The following comment was submitted in response to my article “The Messy Realities of Bisexuality”: I am a male in my forties and have explored being sexual with men for about five years. I have a strong attraction to fit, muscular men but also to soft and sensual women. It seems that when I am in a relationship with a man, I think about what I am missing with a woman and vice versa.
Your comment is fairly representative of someone who is bisexual. But this kind of conflict exists for people who are gay and straight as well. Being committed to a relationship does not disconnect our attraction to others. We may still have powerful sexual urges to be with someone else. We just don’t need to respond to every sexual urge we experience.
In economics, the prospect theory explains that when confronted with a decision where the risks and outcomes are both uncertain, we tend to magnify the potential losses and minimize the potential rewards. Similarly, if you wish to find a monogamous relationship, you will need to shut down a response to those urges to have a sexual relationship with someone else. Granted, that isn’t easy to do.

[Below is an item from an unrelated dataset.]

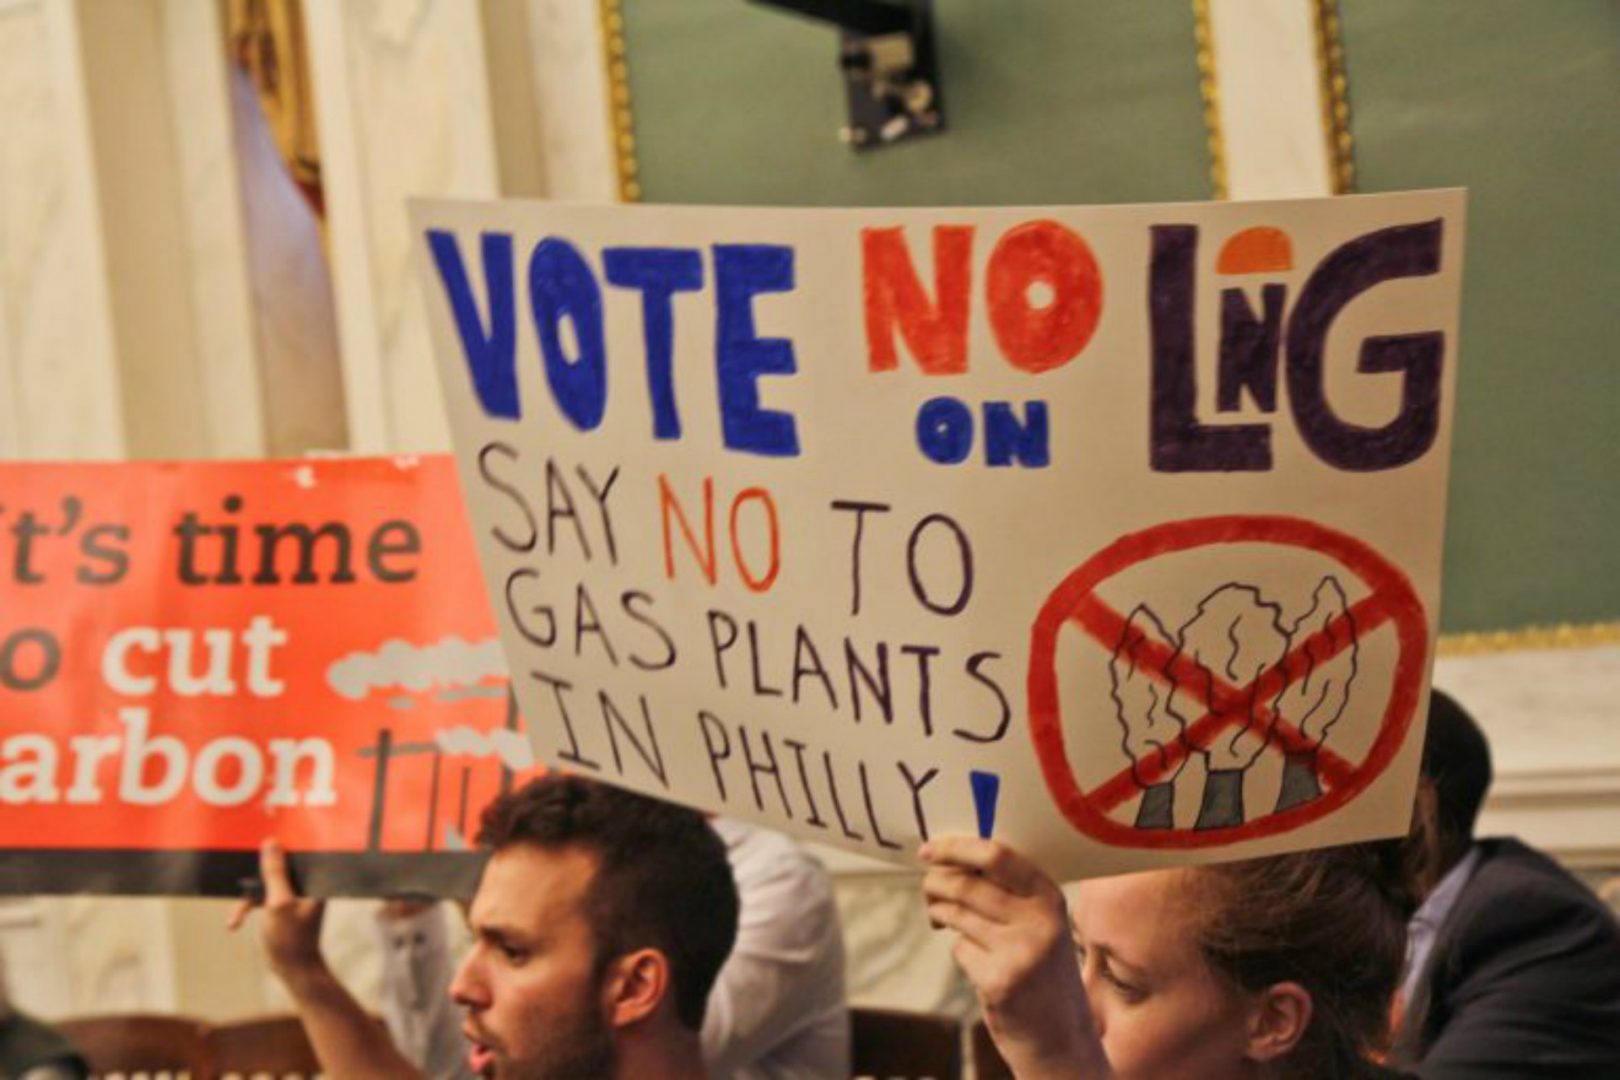 Opposition to the proposed liquefied natural gas plant in Philadelphia protest in city council chambers Thursday.

Of course, one can find exceptions. Some people live in committed relationships that allow a certain amount of openness in responding to sexual attraction to another person. Each couple must make their own rules, but what is critical is honesty in the relationship to keep from betraying the other person’s trust.
All relationships require some sacrifice, and not just in the area of sex. If you’re unwilling to make sacrifices, perhaps you’re not ready for a relationship, although your comment suggests that you are. In that case, it means either sacrificing something you desire sexually or finding someone who will accept the duality of your sexual attractions.